NVIDIA CUDA-X libraries
The NVIDIA CUDA-X libraries, which are powered by the NVIDIA GB200 and GH200 superchips, enable scientists and engineers of all stripes to tackle complex problems much more quickly.
Developers can now benefit from tighter automatic integration and coordination between CPU and GPU resources made possible by CUDA-X working with these latest superchip architectures, which were announced today at the NVIDIA GTC global AI conference. This results in up to 11x speedups for computational engineering tools and 5x larger calculations when compared to using traditional accelerated computing architectures.
Engineering simulation, design optimization, and other procedures are accelerated and improved, allowing scientists and researchers make breakthroughs faster.
NVIDIA released CUDA in 2006 to accelerate numerous applications. Over 900 domain-specific NVIDIA CUDA-X libraries and AI models from NVIDIA accelerate computation and advance science. Now, a wide range of engineering fields, such as semiconductor design, automotive, aerospace, particle physics, quantum physics, and astronomy, can benefit from faster computing with CUDA-X.
The NVIDIA Grace CPU architecture boosts memory bandwidth and reduces power consumption. NVIDIA NVLink-C2C interconnects’ high bandwidth lets the GPU and CPU share memory, allowing developers to write less specialized code, handle more complicated problems, and improve application performance.
Accelerating Engineering Solvers With NVIDIA cuDSS
Through more effective use of CPU and GPU processing power, NVIDIA’s superchip architectures enable customers to get more performance out of the same underlying GPU.
Large engineering simulation problems involving sparse matrices are resolved by the NVIDIA cuDSS library for use in design optimization, electromagnetic simulation workflows, and other applications. Large matrices that typically wouldn’t fit in device memory are factorized and solved by cuDSS using Grace GPU memory and the high-bandwidth NVLink-C2C interface. Users can tackle incredibly complex issues in a fraction of the time because to this.
Large systems’ overhead is greatly reduced by the coherent shared memory between the GPU and Grace GPU, which minimizes data travel. Using the same GPU and cuDSS hybrid memory, leveraging the Grace CPU memory and superchip architecture accelerated the most complex solution stages by up to 4x for a variety of major computational engineering problems.
With the integration of cuDSS into its HFSS solver, Ansys has significantly improved electromagnetic simulation performance. HFSS software can increase the matrix solver’s speed by up to 11 times using cuDSS.
The cuDSS Direct Sparse Solver library has also been incorporated by Altair OptiStruct, significantly speeding up its finite element analysis tasks.
By strategically utilizing CPUs for shared memory and heterogeneous CPU and GPU execution, together with improving critical activities on the GPU, these performance improvements are made possible. To further improve efficiency, cuDSS automatically identifies instances where CPU utilization offers extra advantages.
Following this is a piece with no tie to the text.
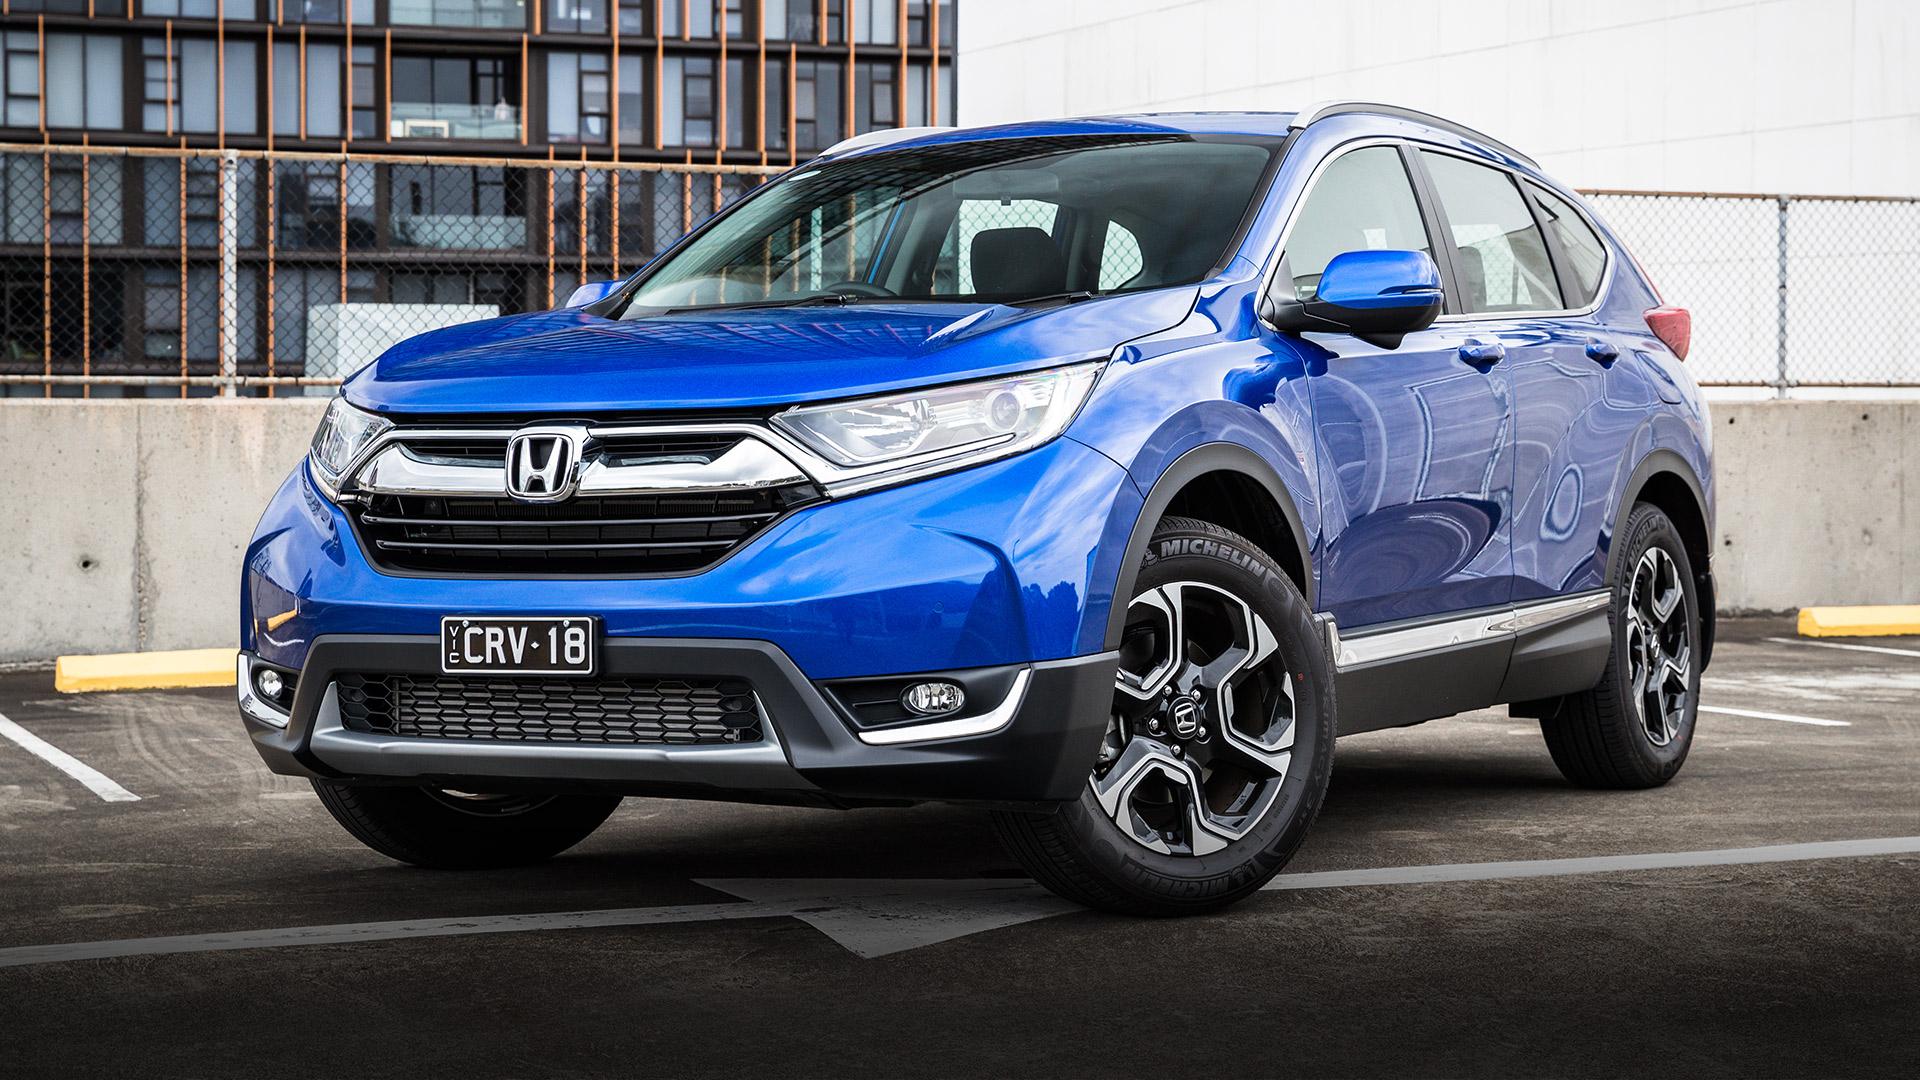 2019 Honda CR-V VTi-S long-termer: Introduction

Scaling Up at Warp Speed With Superchip Memory
Because of the GB200 and GH200 architectures’ NVLink-CNC interconnects, which offer CPU and GPU memory coherency, memory-limited applications can be scaled on a single GPU.
Large simulations are needed to generate the resolution required to build equipment with complex components, such aircraft engines, because many engineering simulations are scale-limited. The ability of CPU and GPU memories to read and write data fluidly allows developers to quickly construct out-of-core algorithms to analyze larger data sets.
For instance, Autodesk used eight GH200 nodes to simulate up to 48 billion cells using NVIDIA Warp, a Python-based framework for speeding up data production and spatial computing applications. Compared to simulations that could be created with eight NVIDIA H100 nodes, this is more than five times larger.
Powering Quantum Computing Research With NVIDIA cuQuantum
Numerous scientific and industrial fields have fundamental challenges that quantum computers promise to speed up. The ability to model incredibly complicated quantum systems is crucial to reducing the time to practical quantum computing.
Through simulations, scientists can create new algorithms today that will function at scales appropriate for quantum computers of the future. By doing intricate simulations of the performance and noise characteristics of novel qubit designs, they also significantly contribute to the advancement of quantum processors.
Matrix operations must be carried out on exponentially enormous vector objects that need to be stored in memory in so-called state vector simulations of quantum algorithms. In contrast, tensor network simulations use tensor contractions to mimic quantum algorithms, allowing for the modeling of hundreds or thousands of qubits for some significant application classes.
These workloads are accelerated by the NVIDIA cuQuantum library. All quantum researchers can access simulation performance without modifying any code because cuQuantum is integrated with all of the top quantum computing frameworks.
Memory requirements typically limit the scale of quantum algorithm simulations. Because the GB200 and GH200 architectures allow for the utilization of huge CPU memory without causing performance bottlenecks, they offer an excellent foundation for scaling up quantum simulations. On quantum computing benchmarks, a GH200 system can outperform an H100 system with an x86 by up to three times.